The download_weights function accepts a model URL and the file name with which we want to save the model. It then downloads the model weights from the MMDetection repository.

Then we have the function to parse the model meta files.

def parse_meta_file():
    """
    Function to parse all the model meta files inside `mmdetection/configs`
    and return the download URLs for all available models.

    Returns:
        weights_list: List containing URLs for all the downloadable models.
    """
    root_meta_file_path = 'mmdetection/configs'
    all_metal_file_paths = glob.glob(os.path.join(root_meta_file_path, '*', 'metafile.yml'), recursive=True)
    weights_list = []
    for meta_file_path in all_metal_file_paths:
        with open(meta_file_path,'r') as f:
            yaml_file = yaml.safe_load(f)
            
        for i in range(len(yaml_file['Models'])):
            try:
                weights_list.append(yaml_file['Models'][i]['Weights'])
            except:
                for k, v in yaml_file['Models'][i]['Results'][0]['Metrics'].items():
                    if k == 'Weights':
                        weights_list.append(yaml_file['Models'][i]['Results'][0]['Metrics']['Weights'])
    return weights_list

This is exactly the same as we had in the previous post. This parses through each of the model meta files (YAML files) and returns a list containing the URLs.

Next is the get_model function which accepts a model name and calls the parse_meta_file and down_weights functions accordingly.

def get_model(model_name):
    """
    Either downloads a model or loads one from local path if already 
    downloaded using the weight file name (`model_name`) provided.

    :param model_name: Name of the weight file. Most likely in the format
        retinanet_ghm_r50_fpn_1x_coco. SEE `weights.txt` to know weight file
        name formats and downloadable URL formats.

    Returns:
        model: The loaded detection model.
    """
    # Get the list containing all the weight file download URLs.
    weights_list = parse_meta_file()

    download_url = None
    for weights in weights_list:
        if model_name == weights.split('/')[-2]:
            print(f"Founds weights: {weights}\n")
            download_url = weights
            break

    assert download_url != None, f"{model_name} weight file not found!!!"

    # Download the checkpoint file.
    download_weights(
        url=download_url,
        file_save_name=download_url.split('/')[-1]
    )

Calling this function will download the weights into the checkpoints directory.

Finally, we have the write_weights_txt_file function and main code block.
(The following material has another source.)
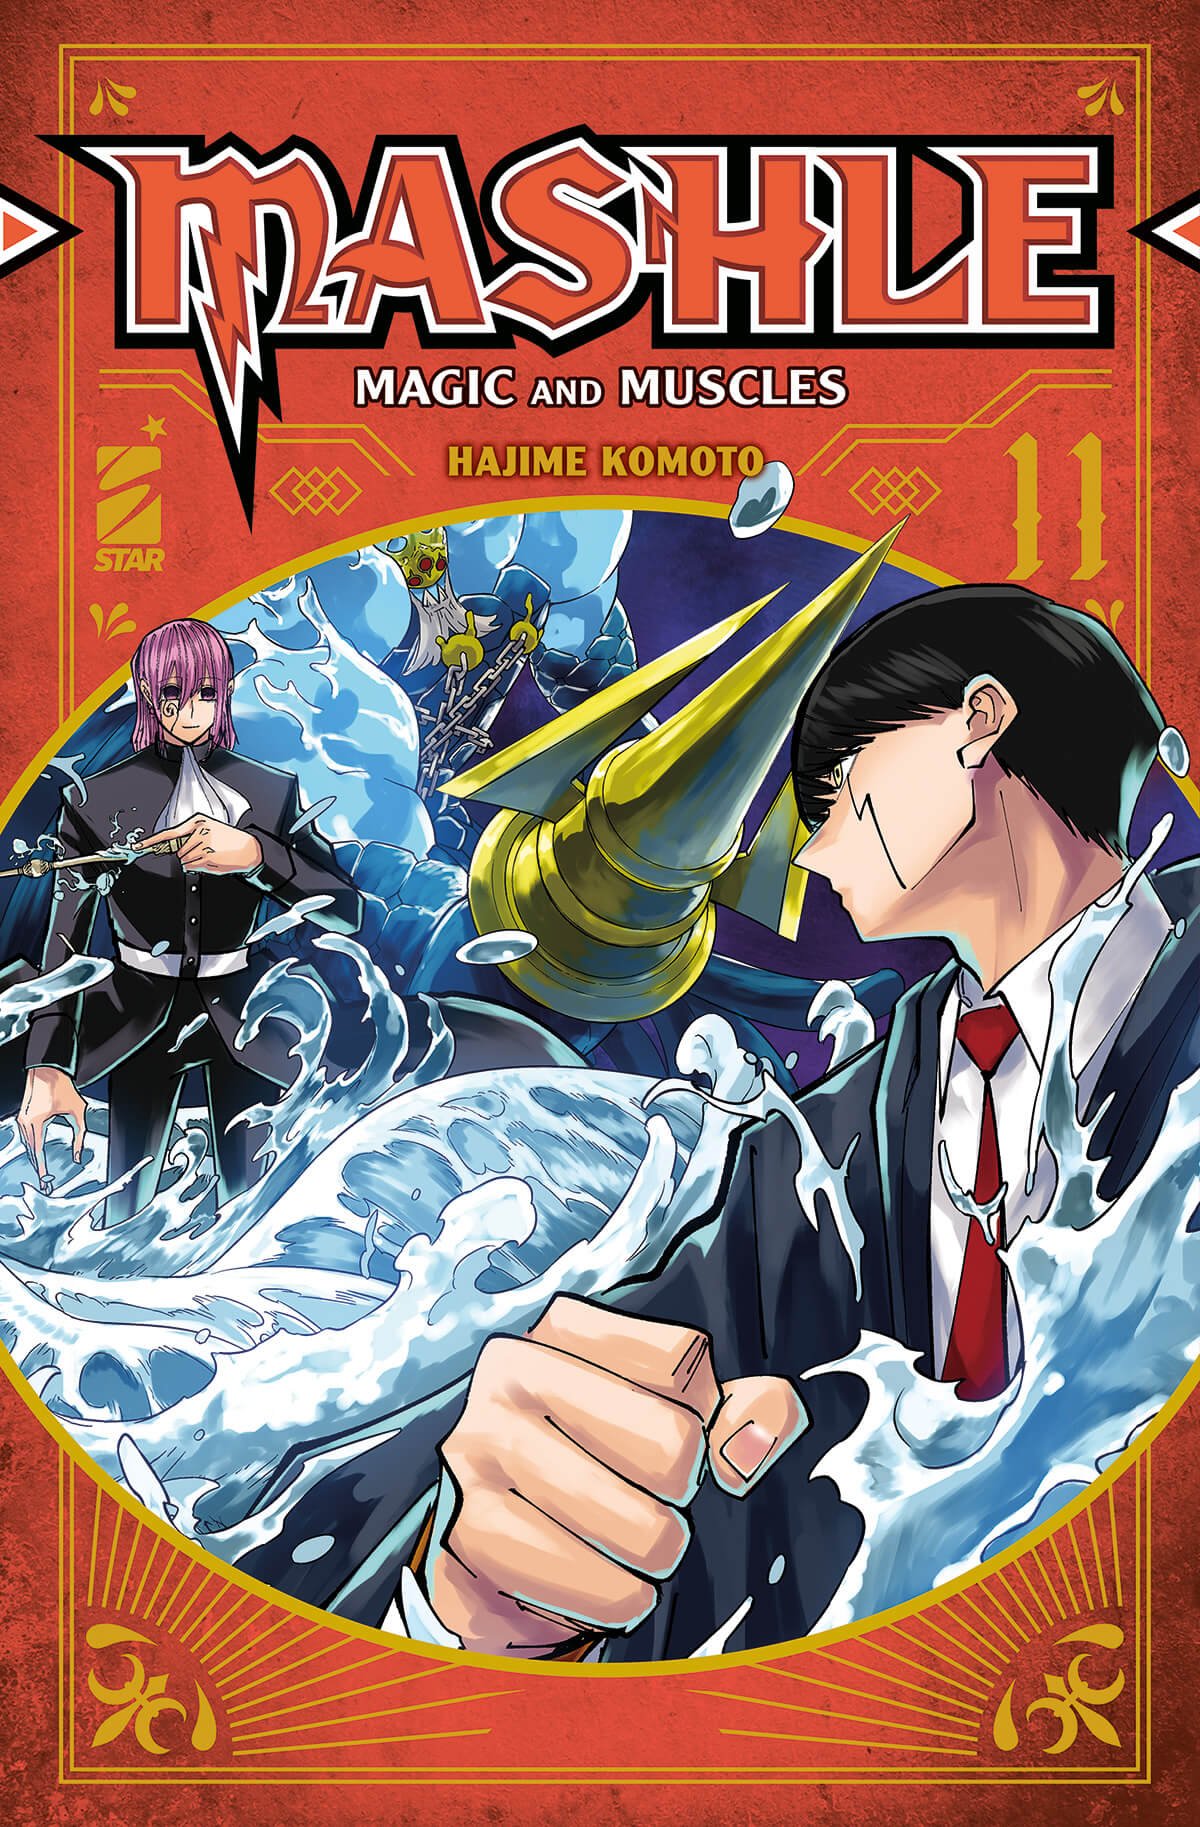 Mashle 11, parmi les sorties manga de Star Comics du 21 juin 2023.
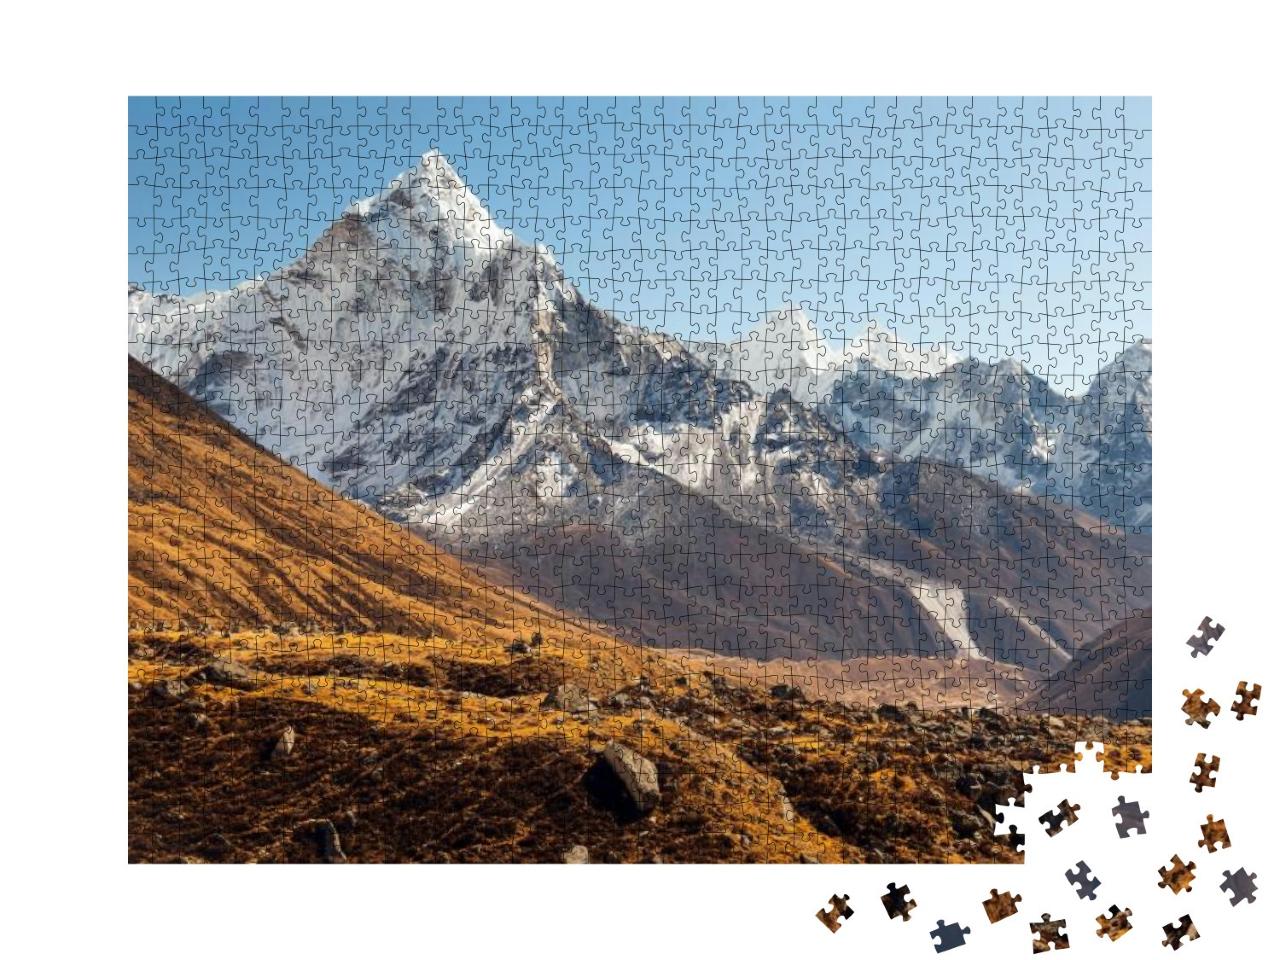 Ama Dablam, Everest Region, Himalaya, Nepal... Jigsaw Puzzle with 1000 pieces

def write_weights_txt_file():
    """
    Write all the model URLs to `weights.txt` to have a complete list and 
    choose one of them.
    EXECUTE `utils.py` if `weights.txt` not already present.
    `python utils.py` command will generate the latest `weights.txt` 
    file according to the cloned mmdetection repository.
    """
    # Get the list containing all the weight file download URLs.
    weights_list = parse_meta_file()
    with open('weights.txt', 'w') as f:
        for weights in weights_list:
            f.writelines(f"{weights}\n")
    f.close()

if __name__ == '__main__':
    write_weights_txt_file()
    
    parser = argparse.ArgumentParser()
    parser.add_argument(
    '-w', '--weights', default='faster_rcnn_r50_fpn_1x_coco',
    help='weight file name'
    )
    args = vars(parser.parse_args())

    get_model(args['weights'])

The write_weights_txt_file creates a weights.txt file containing all the weight file URLs. The main code block executes the get_model function by passing the model name which is faster_rcnn_r50_fpn_1x_coco by default.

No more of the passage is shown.